An interdisciplinary synthesis of floodplain ecosystem dynamics in a rapidly deglaciating watershed.

Glacier retreat is rapidly transforming some watersheds, with ramifications for water supply, ecological succession, important species such as Pacific salmon (Oncorhynchus spp.), and cultural uses of landscapes. To advance a more holistic understanding of the evolution of proglacial landscapes, we integrate multiple lines of knowledge starting in the early 1900s with contemporary data from the Taaltsux̱éi (Tulsequah) Watershed in British Columbia, Canada. Our objectives were to: 1) synthesize recent historical geography and Indigenous Knowledge, including glacier dynamics, and hydrology; 2) describe the limnology of a proglacial lake; 3) quantify decadal-scale downstream physical floodplain change; and 4) characterize riverine physical, chemical, and biological differences relative to distance from the proglacial lake.
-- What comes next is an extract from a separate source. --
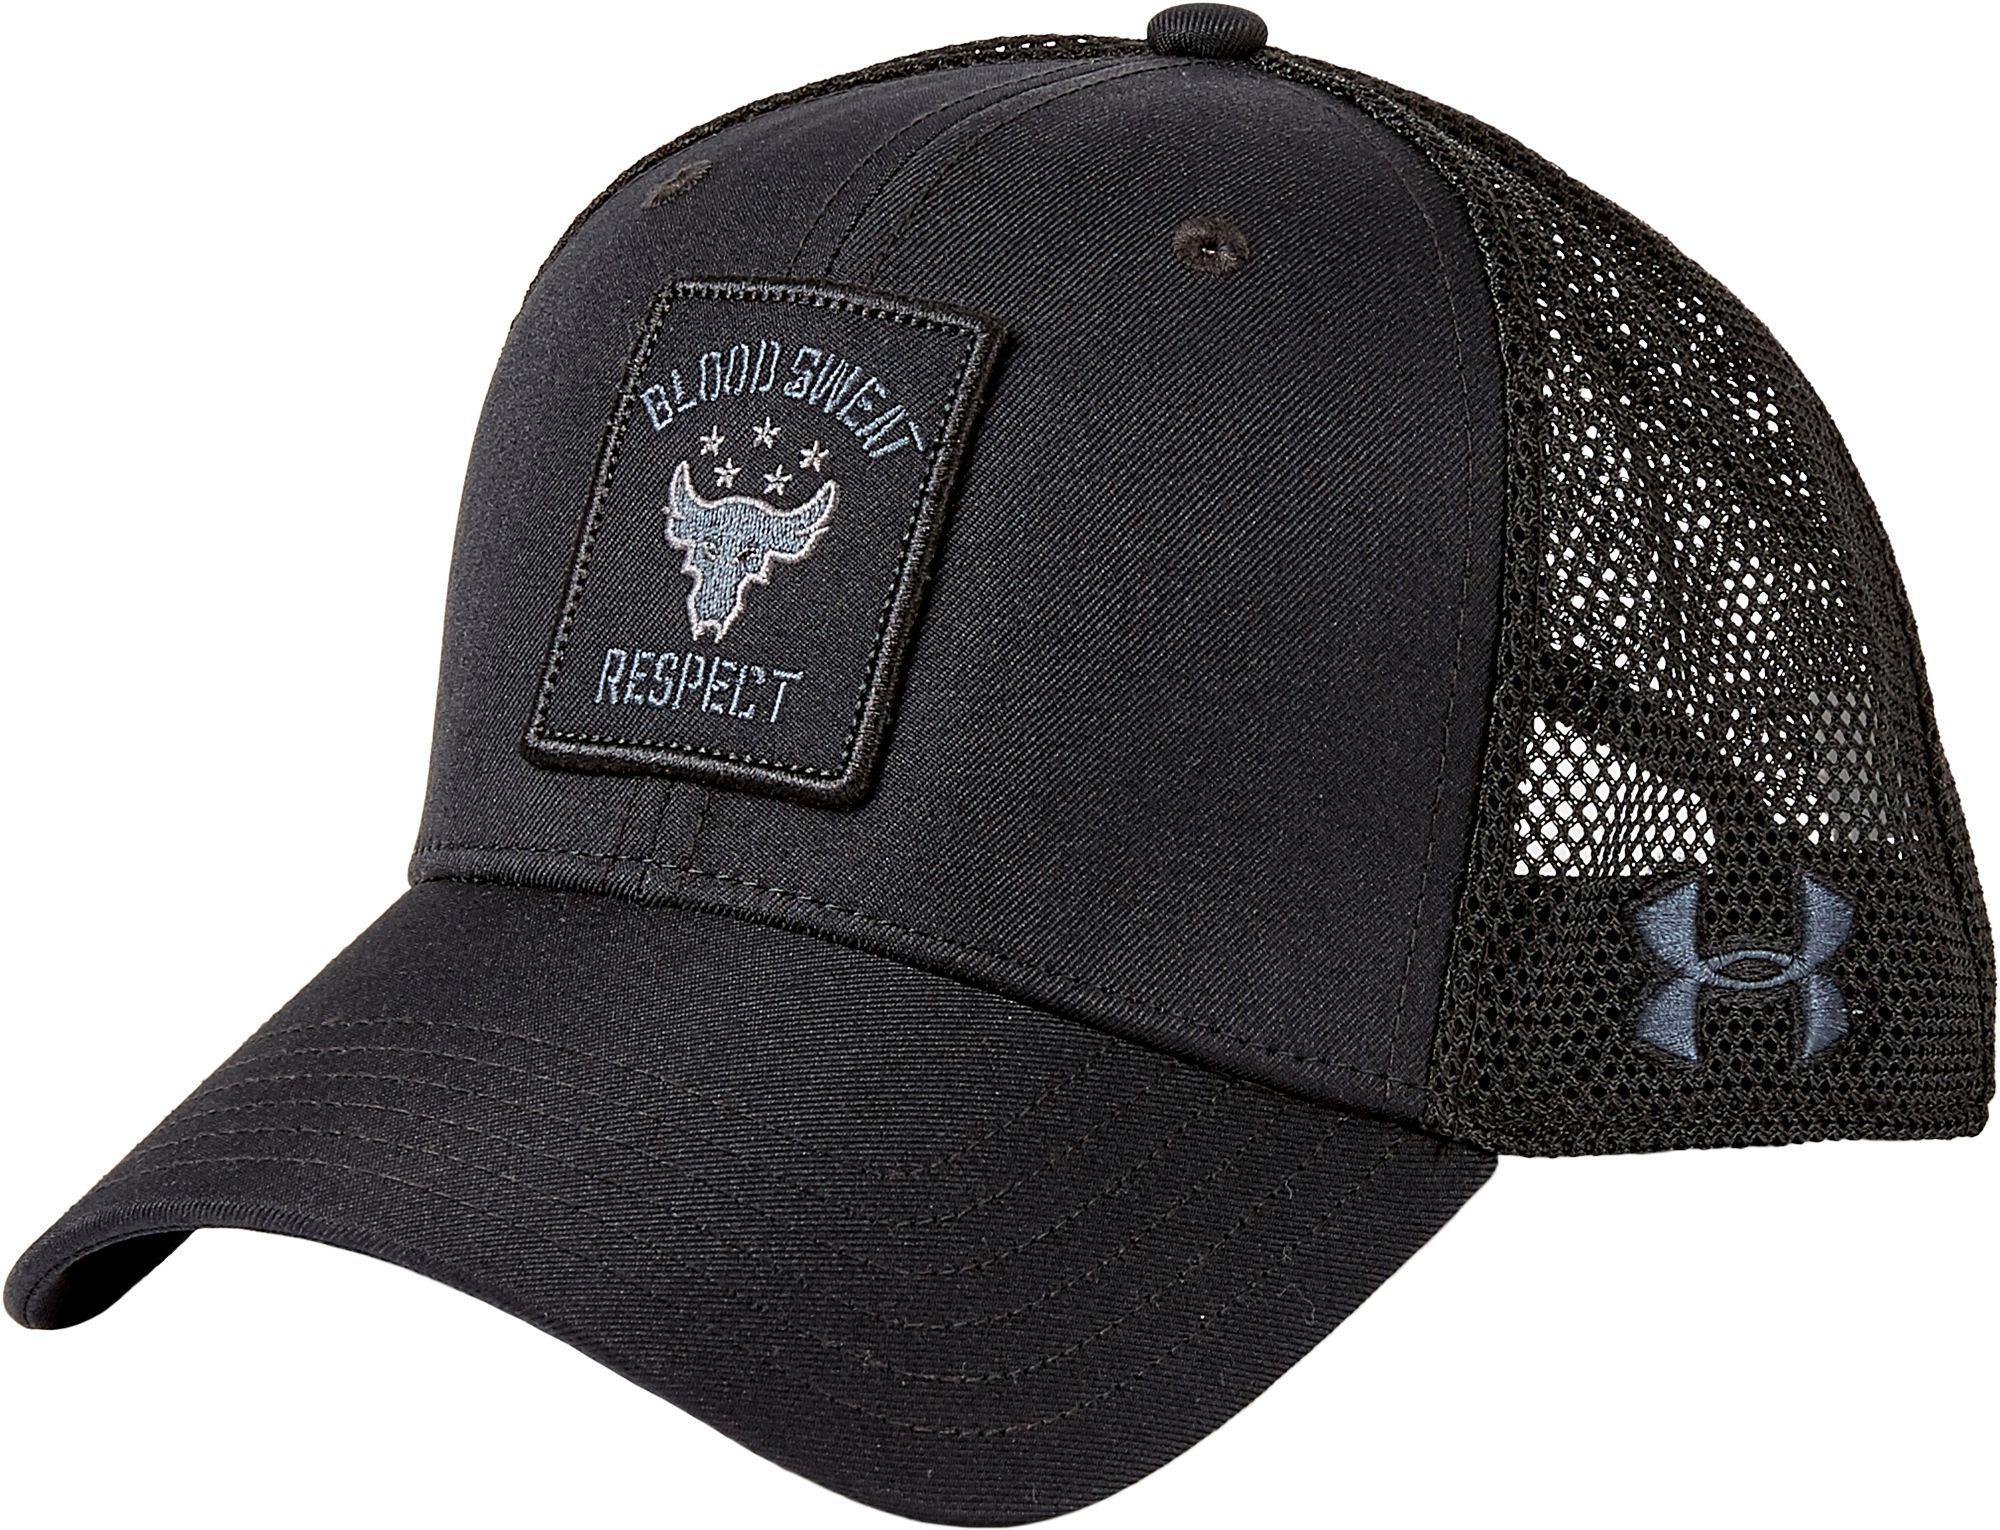 ec0b977c5292f ... canada lyst under armour project rock trucker hat in black for men  f1856 6e874

Since 1982, the Tulsequah Glacier has receded 0.07 km/yr, exposing a cold, deep, and growing proglacial lake. The downstream floodplain is rapidly changing; satellite imagery analysis revealed a 14 % increase in vegetation from 2003 to 2017 and Indigenous Knowledge described increases in vegetation and wildlife habitat over the last century. Contemporary measurements of physical-chemical water properties differed across sites representing the upper and lower watershed, and mainstem and off-channel habitats. Catches of juvenile salmonids in the upper watershed (closer to the glacier) were mostly limited to warmer, clearer groundwater-fed channels, whereas in the lower watershed there were salmonids in both groundwater-fed and mainstem habitats. There was limited zooplankton taxa diversity from the proglacial lake and benthic macroinvertebrates in the river. Collectively, our synthesis suggests that the transformation of proglacial landscapes experiencing rapid ice loss can be influenced by interlinked abiotic processes of glacier retreat, lake formation, and altered hydrology, as well as corresponding biological processes such as beaver repopulation, wetland formation, and riparian vegetation growth. These factors, along with expected increases to proglacial lake productivity and salmon habitat suitability, are an important consideration for forward-looking watershed management of glacier-fed rivers.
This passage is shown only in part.